Jubeir told a press conference in Riyadh that previous efforts to prop up Assad, including by Iran, had “failed.”
“Now, (Assad) has sought the help of Russia, which will fail to save him,” he said, urging Moscow to “end its air operations against the moderate Syrian opposition.”
Russia, Assad’s closest ally alongside Iran, began conducting airstrikes in September, targeting mainly rebels backed by the West, according to US officials.
Analysts believe that Russia’s military intervention in Syria has given Assad a new lease of life and has also deeply alarmed the West.

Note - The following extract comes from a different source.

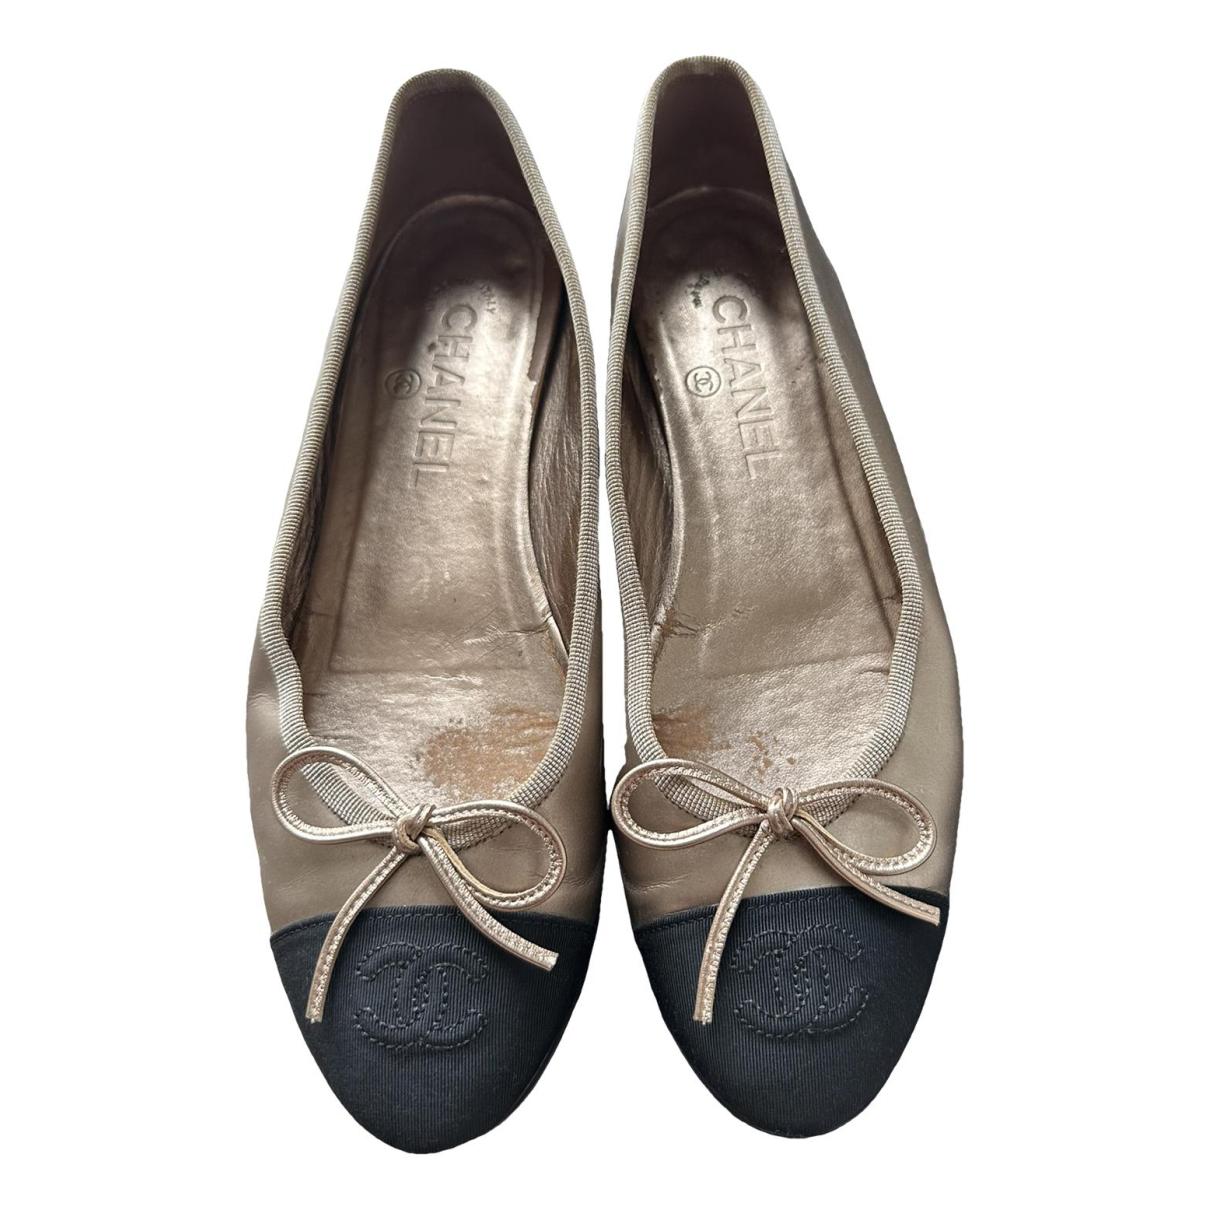 Cambon leather ballet flats Chanel Beige size 37 EU in Leather - 35591724

But Al-Jubeir said that “it is impossible for a man behind the killing of 300,000 innocent people... to remain” in power.
Assad’s departure “is a matter of time... sooner or later, this regime will fall, opening the way for building a new Syria without Bashar Assad,” he said .
He urged the Syrian regime to “immediately allow the entry of humanitarian assistance to all parts of Syria, end military attacks on innocent civilians... (and) begin a political transition in Syria.”
A 17-nation Syria Support Group, co-chaired by Russia and the United States, agreed on Friday to seek a “cessation of hostilities” within a week and dramatically ramp up humanitarian access to besieged towns.
Critics have said the deal is hobbled by the fact it does not include “terrorist” groups such as the Daesh group and the Al-Qaeda affiliate Al-Nusra, leaving room for Russia to continue attacks by claiming it is targeting jihadists.
The agreement followed a major offensive by Syrian government forces, backed by heavy Russian bombing and Iranian troops, on the rebel stronghold of Aleppo.

Saudi troop deployment in Syria
On the planned deployment of Saudi special forces in Syria, Al-Jubeir said it will depend on a decision by the US-led coalition fighting Daesh (Islamic State) militants.
“The Kingdom’s readiness to provide special forces to any ground operations in Syria is linked to a decision to have a ground component to this coalition against Daesh in Syria — this US-led coalition — so the timing is not up to us,” he said.
US Defense Secretary Ash Carter said on Friday he expected both Saudi Arabia and the United Arab Emirates to send special operations forces to Syria to help local opposition fighters in their drive to retake the city of Raqqa, Daesh’s de facto capital in Syria.
Saudi Arabia on Saturday confirmed it had sent aircraft to NATO-member Turkey’s Incirlik air base for the fight against Daesh militants
Al-Jubeir said the timing of the mission or size of troops has yet to be worked out.
Major powers agreed in Munich on Friday to a pause in combat in Syria, but Russia pressed on with bombing in support of Assad, its ally. Assad has promised to fight until he regains full control of the country.
US President Barack Obama has ruled out sending US ground troops to Syria. But Turkey said that both Ankara and Riyadh would support a coalition ground operation.